*TASK INSTRUCTIONS*:
Exactly as they appear below, repeat the lines from the one with "Défilé Manish Arora" through the one with "Marcia Hartley Bates". Drop every picture.
##### EXERCISE MATERIAL
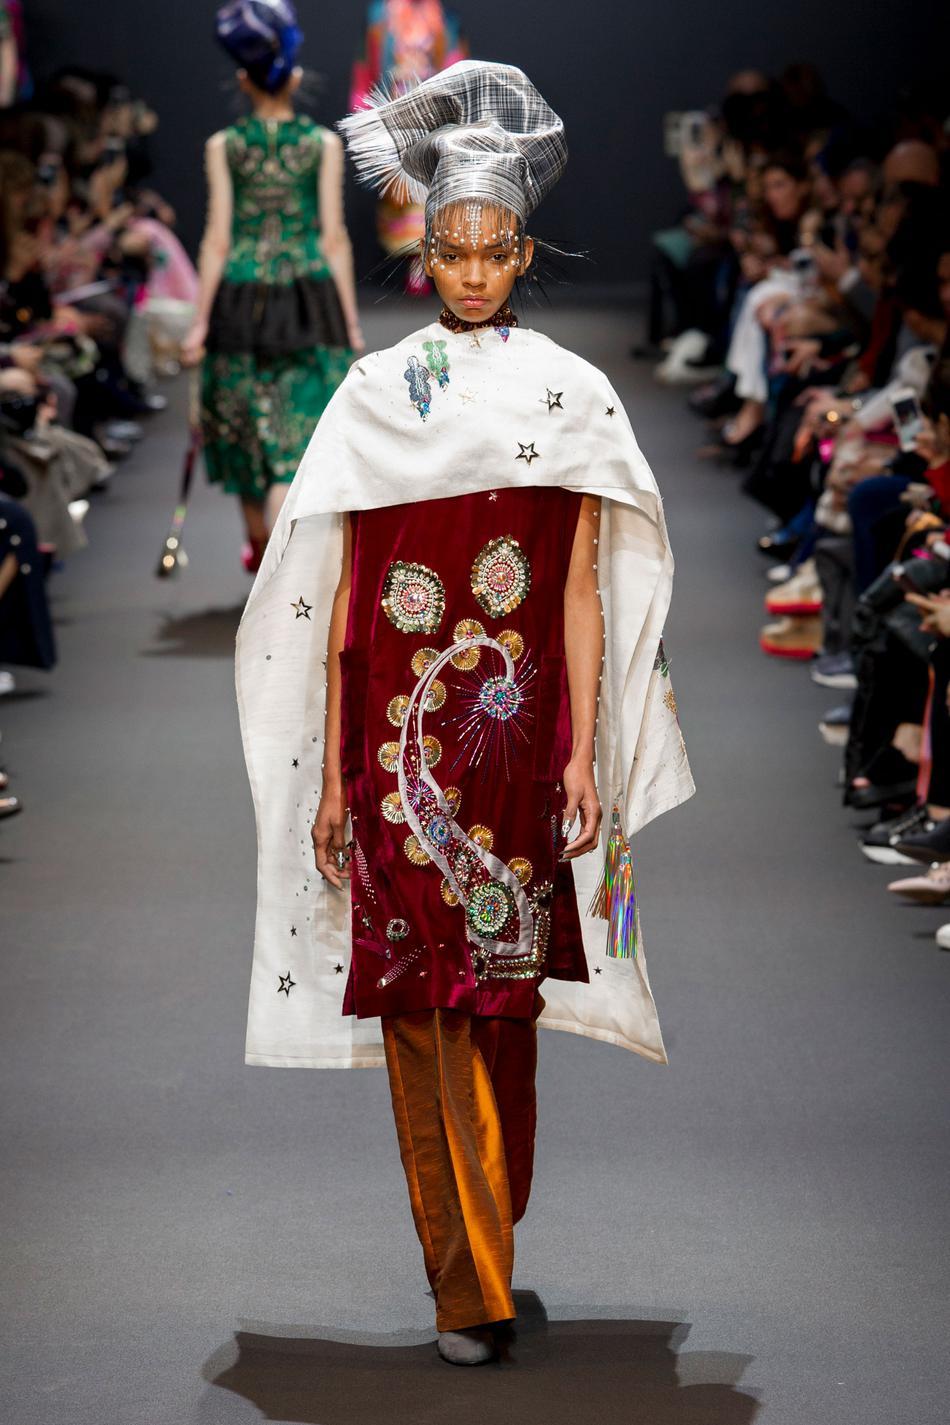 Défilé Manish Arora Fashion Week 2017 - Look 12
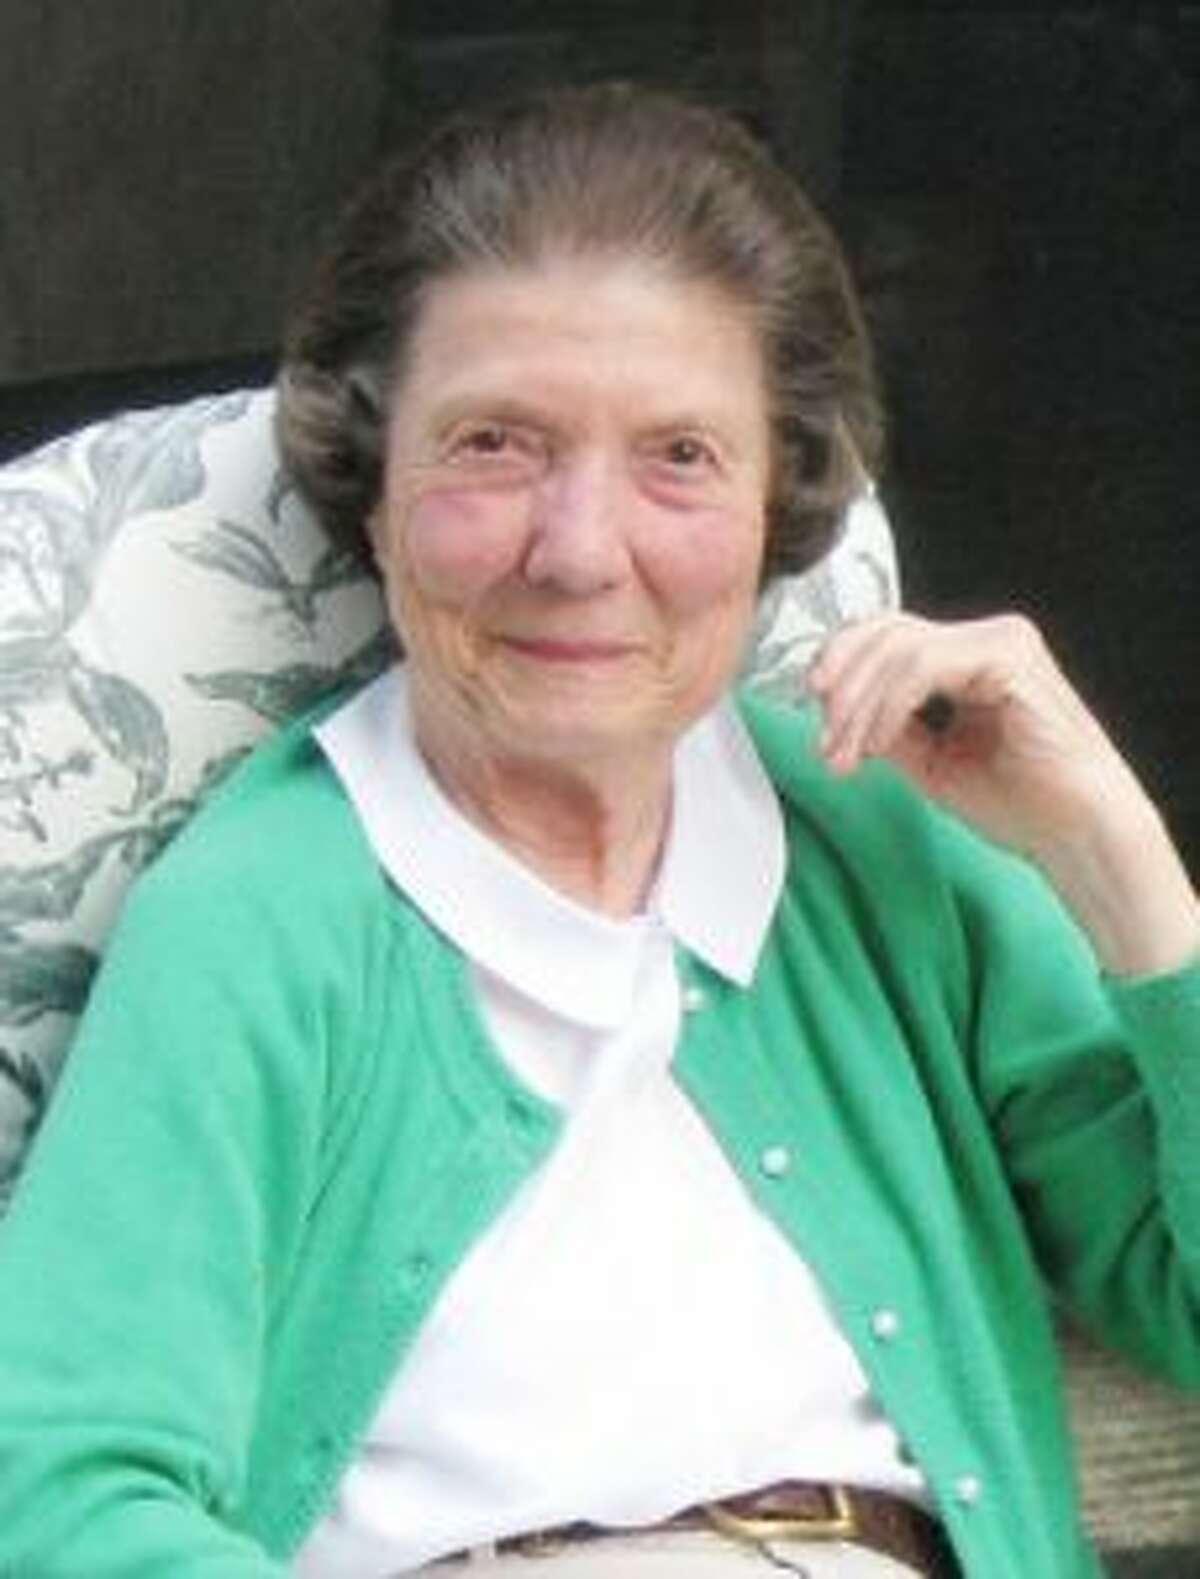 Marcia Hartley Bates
##########
##### EXERCISE MATERIAL
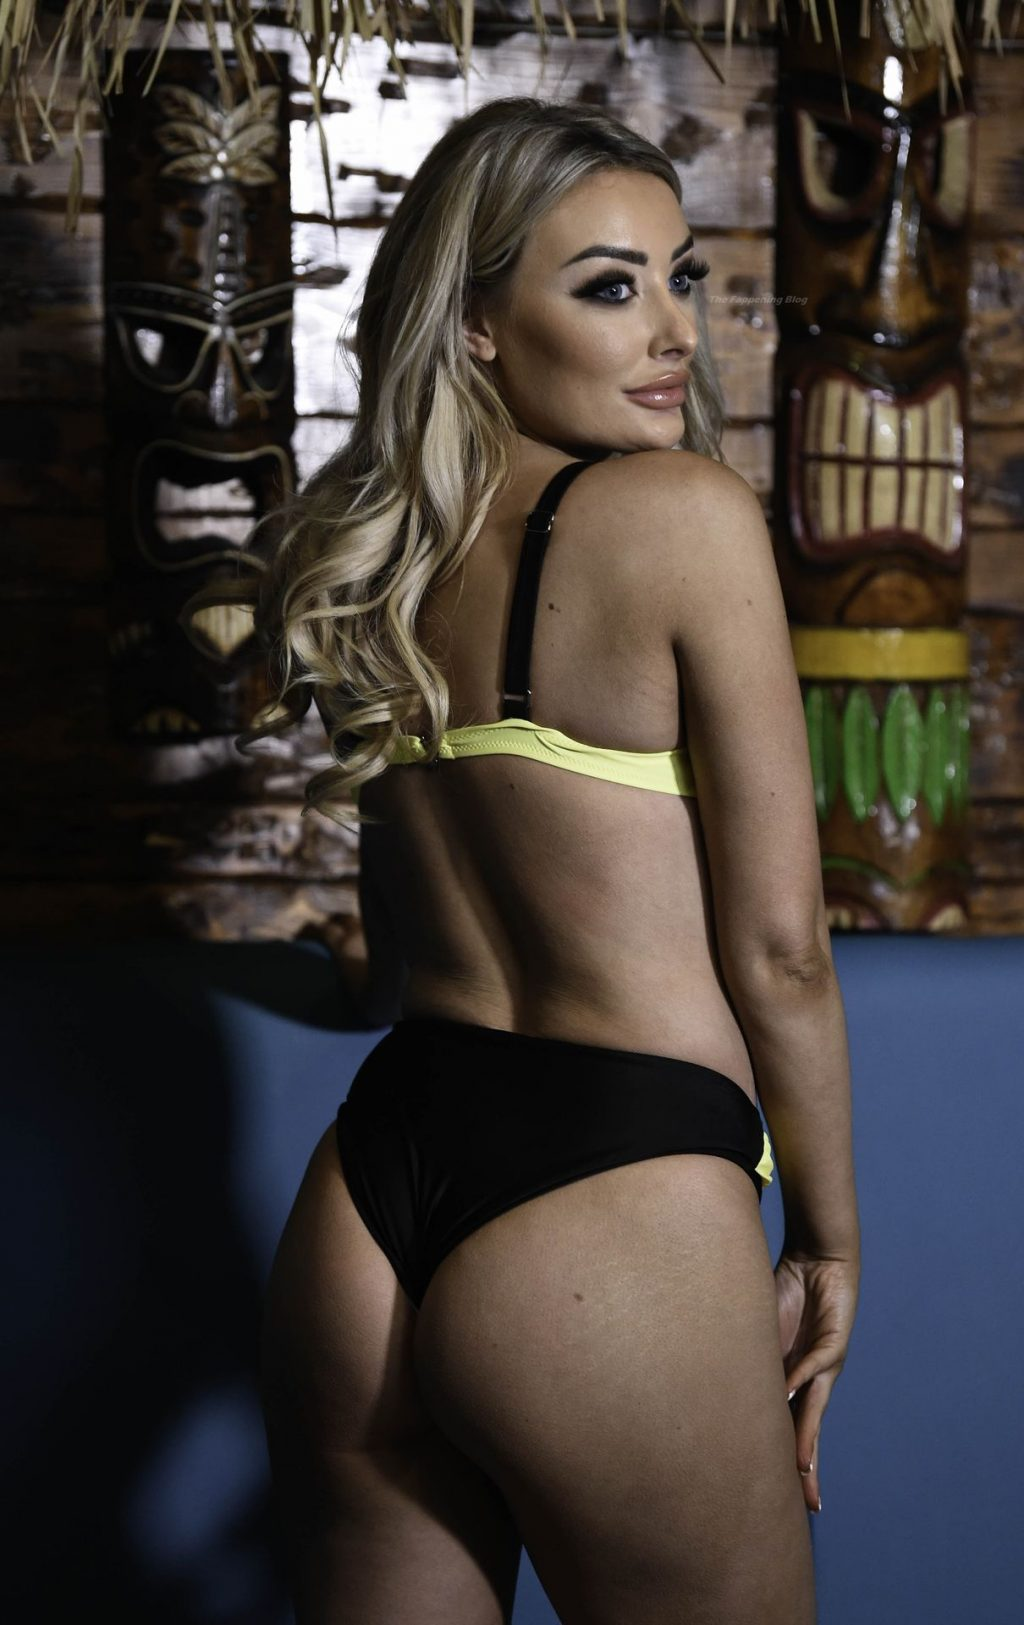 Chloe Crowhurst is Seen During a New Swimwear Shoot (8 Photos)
##########
*EXPECTED OUTPUT*:
 Défilé Manish Arora Fashion Week 2017 - Look 12
 Marcia Hartley Bates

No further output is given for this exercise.